*WHAT IS EXPECTED*:
An exact repetition of the data is required; no picture should appear in it.

::: DATA SHOWN

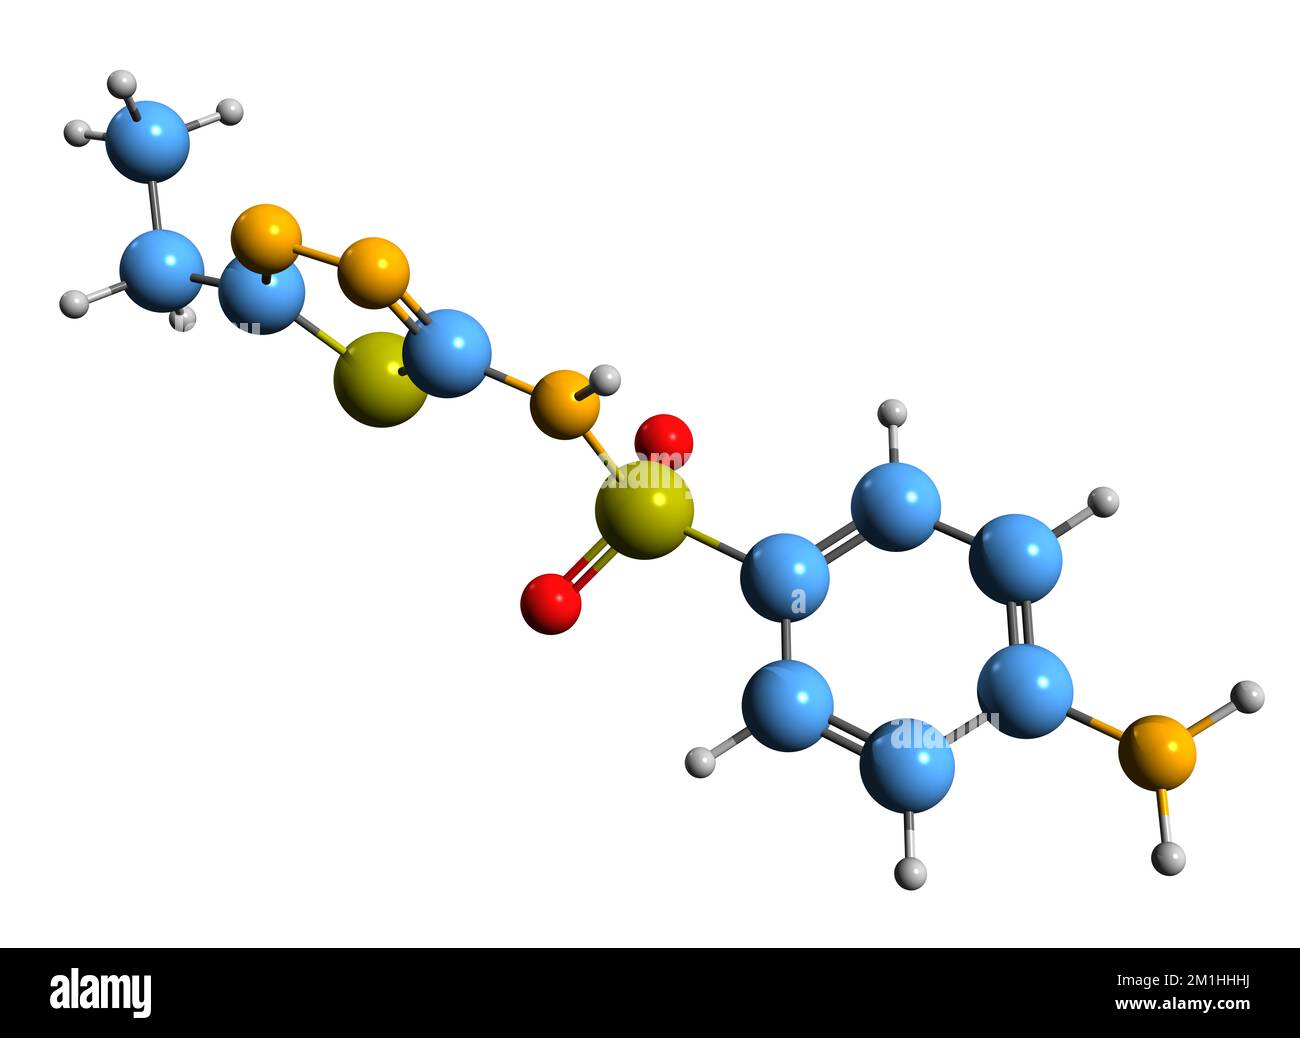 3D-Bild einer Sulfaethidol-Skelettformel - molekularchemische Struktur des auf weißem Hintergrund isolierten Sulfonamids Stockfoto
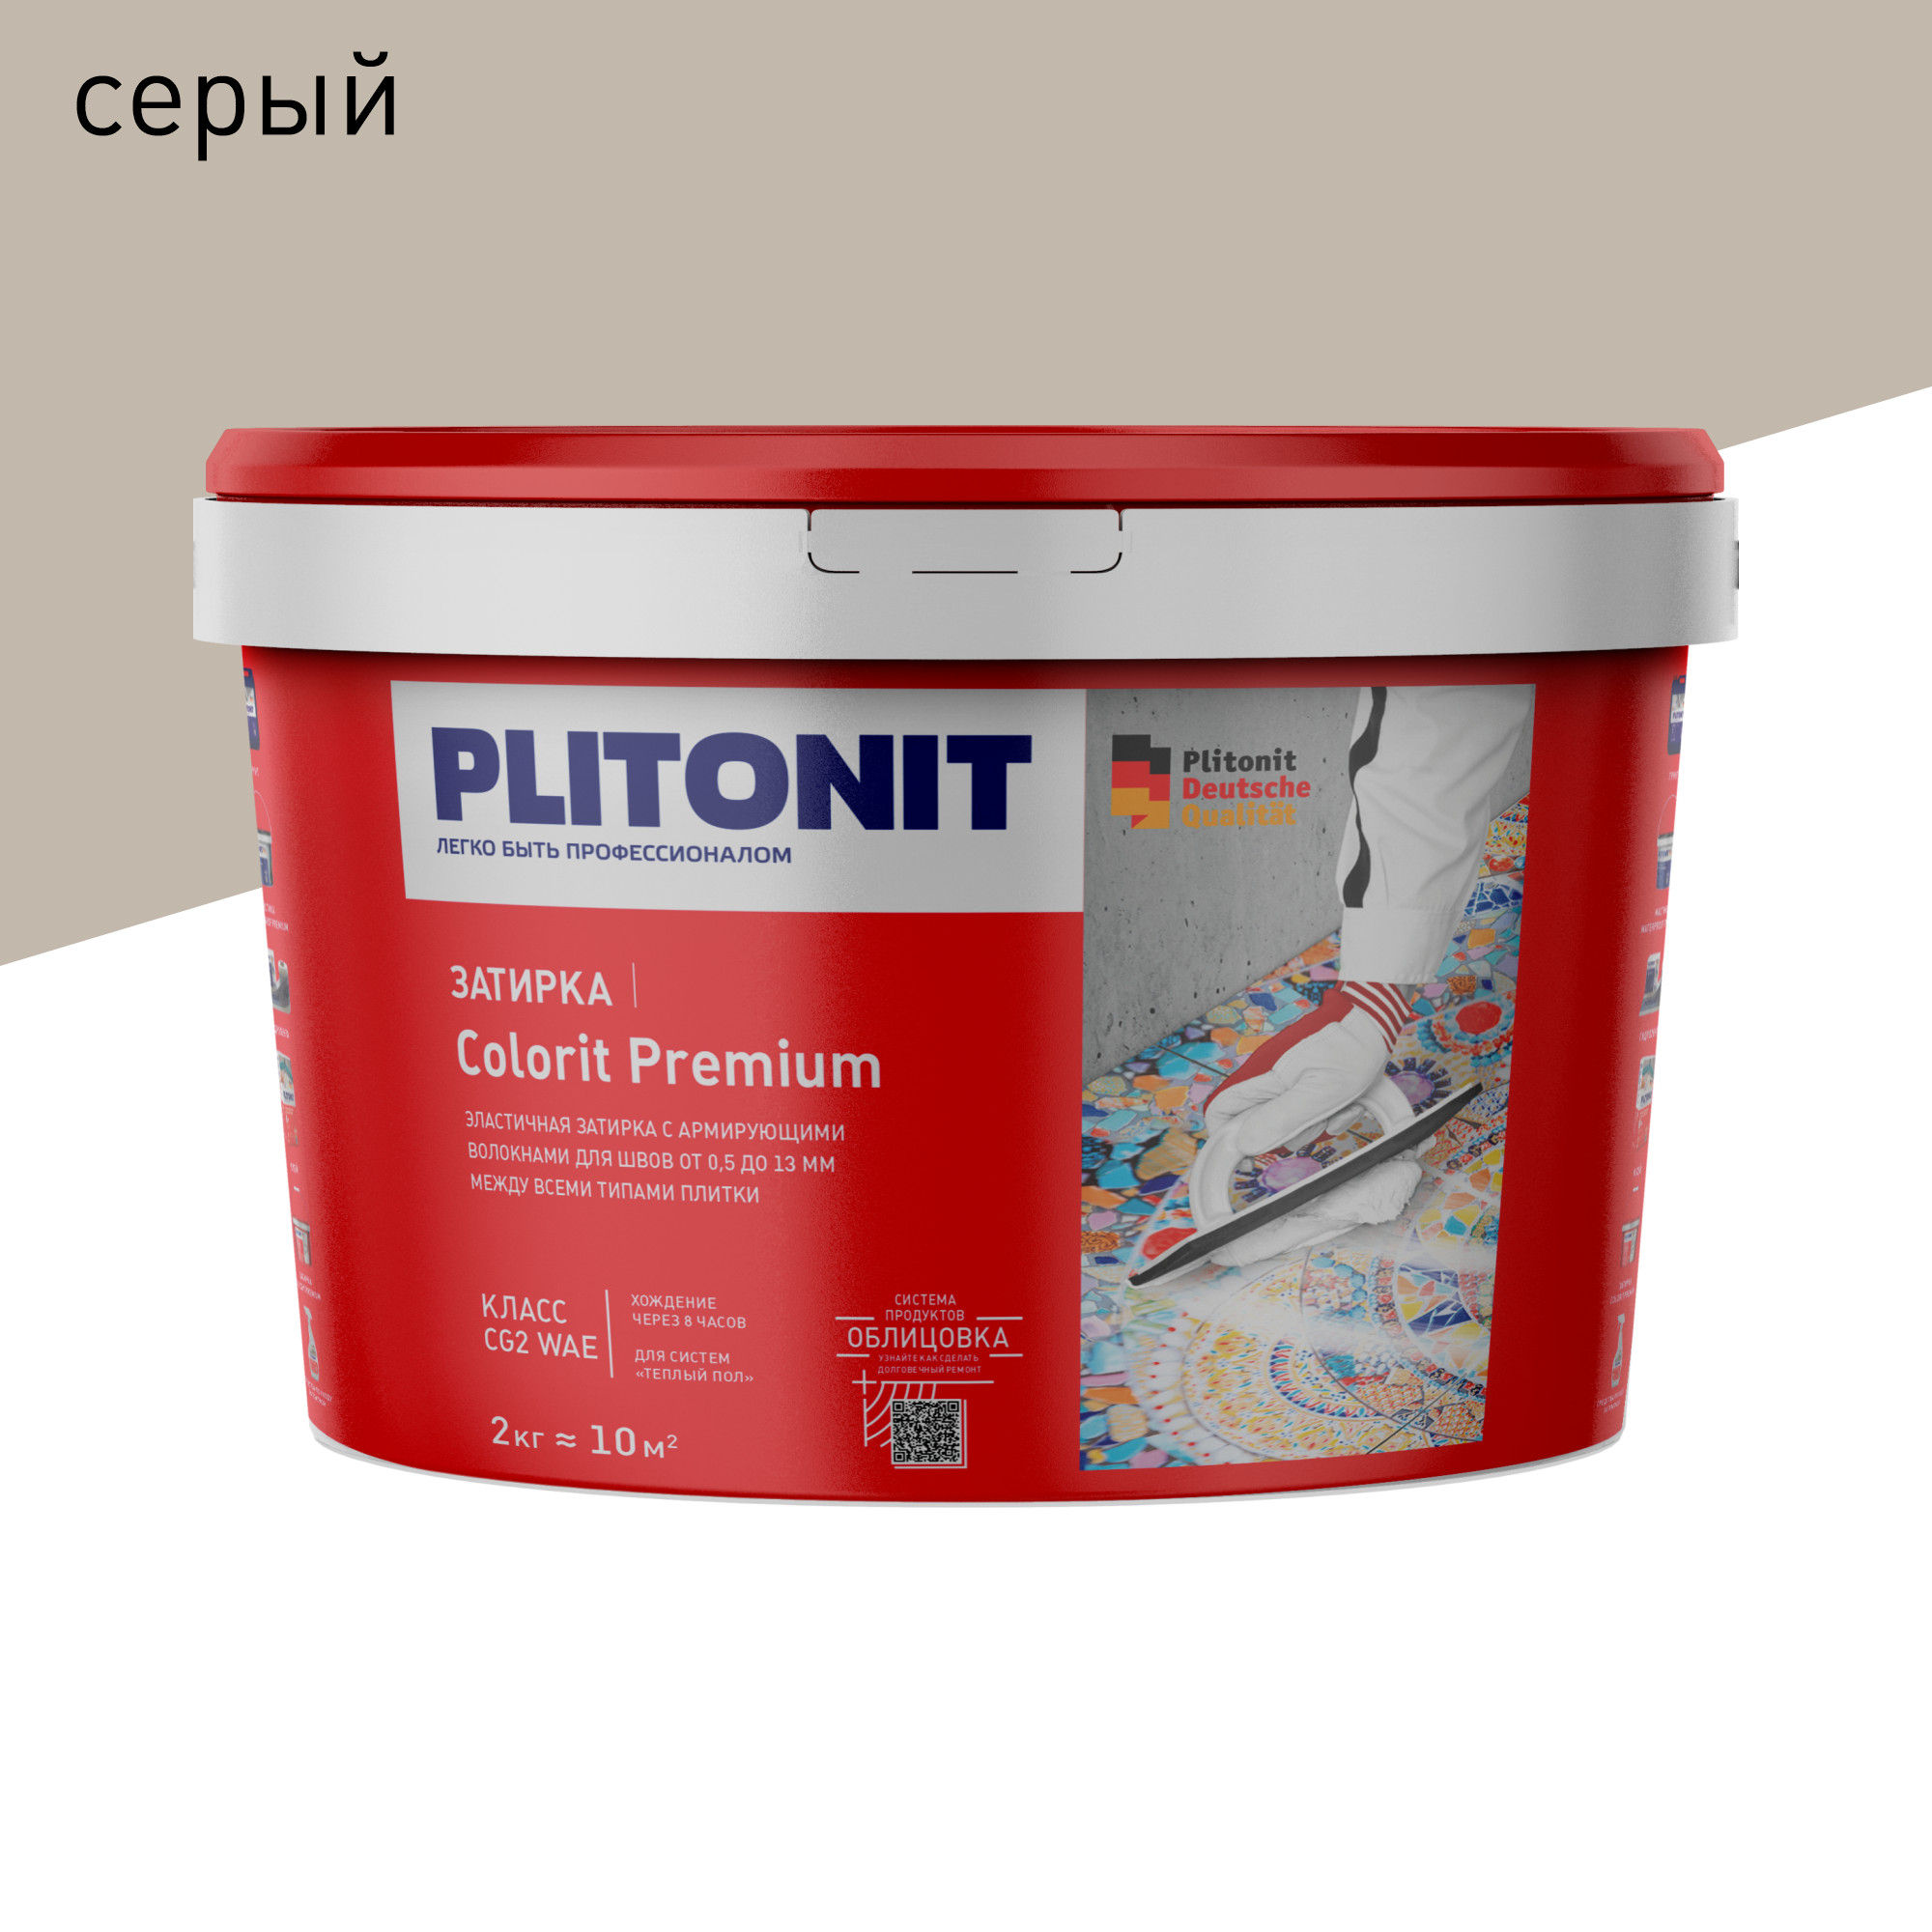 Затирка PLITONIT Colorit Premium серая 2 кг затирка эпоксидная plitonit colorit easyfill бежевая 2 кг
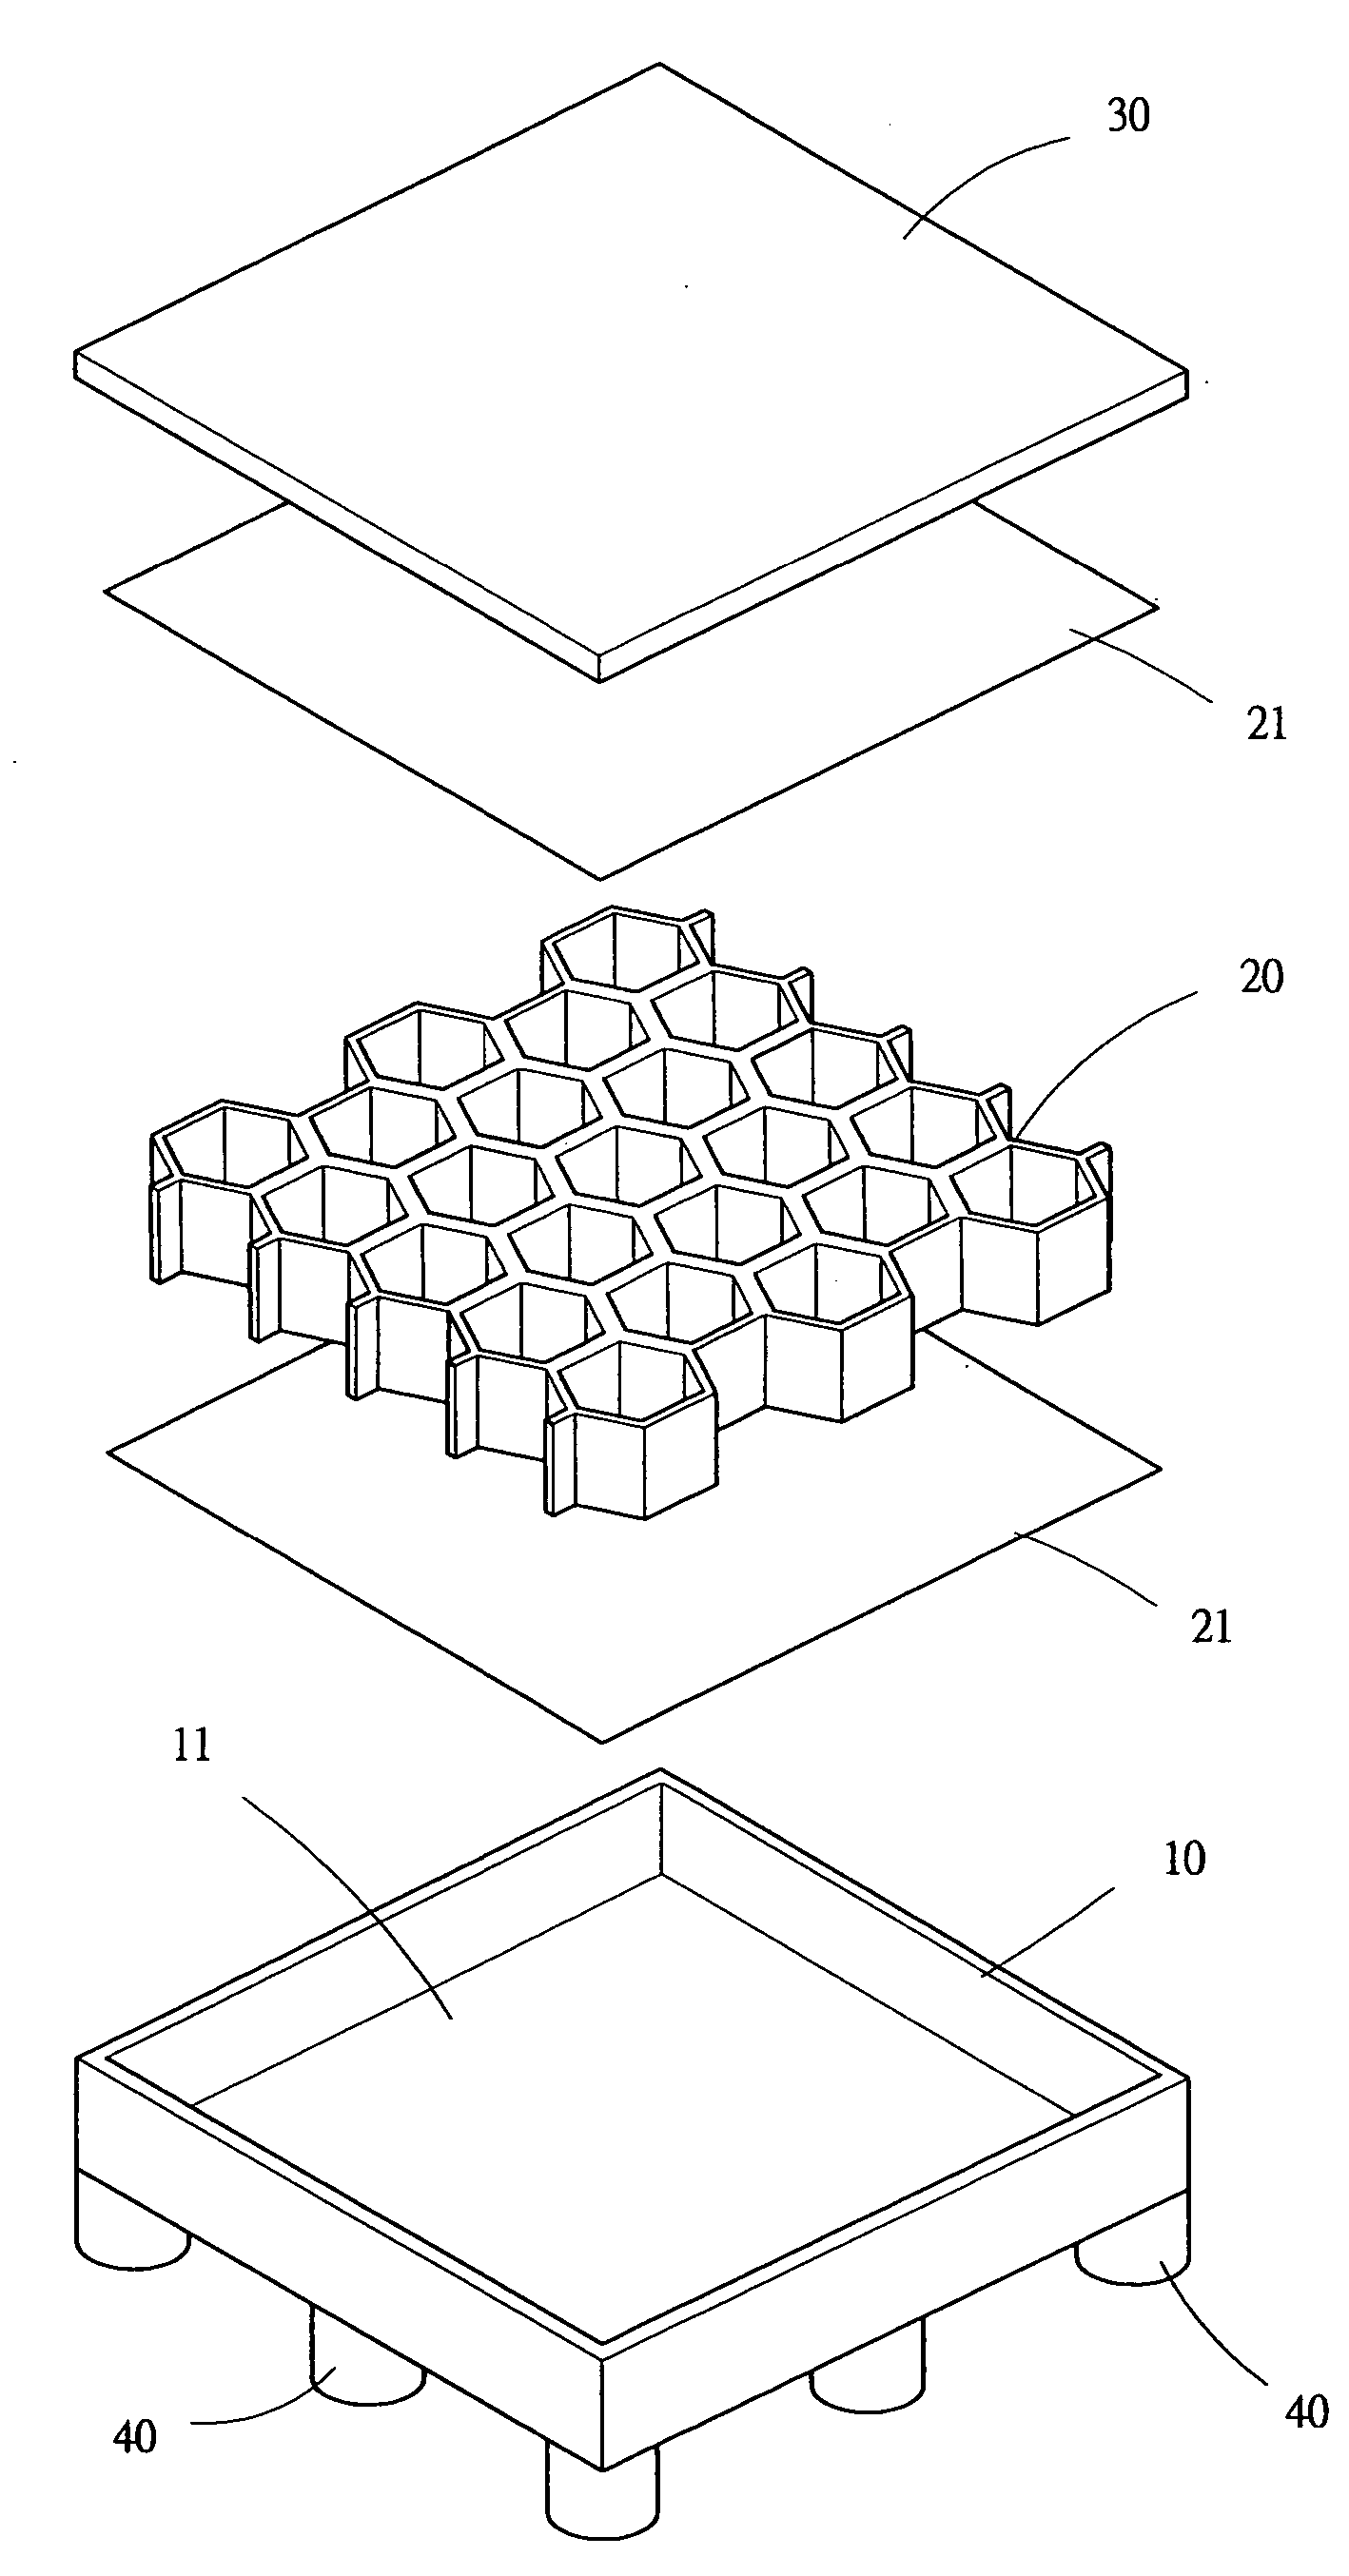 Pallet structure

::::::

*SOLUTION FOR THIS EXERCISE*:
 3D-Bild einer Sulfaethidol-Skelettformel - molekularchemische Struktur des auf weißem Hintergrund isolierten Sulfonamids Stockfoto
 Затирка PLITONIT Colorit Premium серая 2 кг затирка эпоксидная plitonit colorit easyfill бежевая 2 кг
 Pallet structure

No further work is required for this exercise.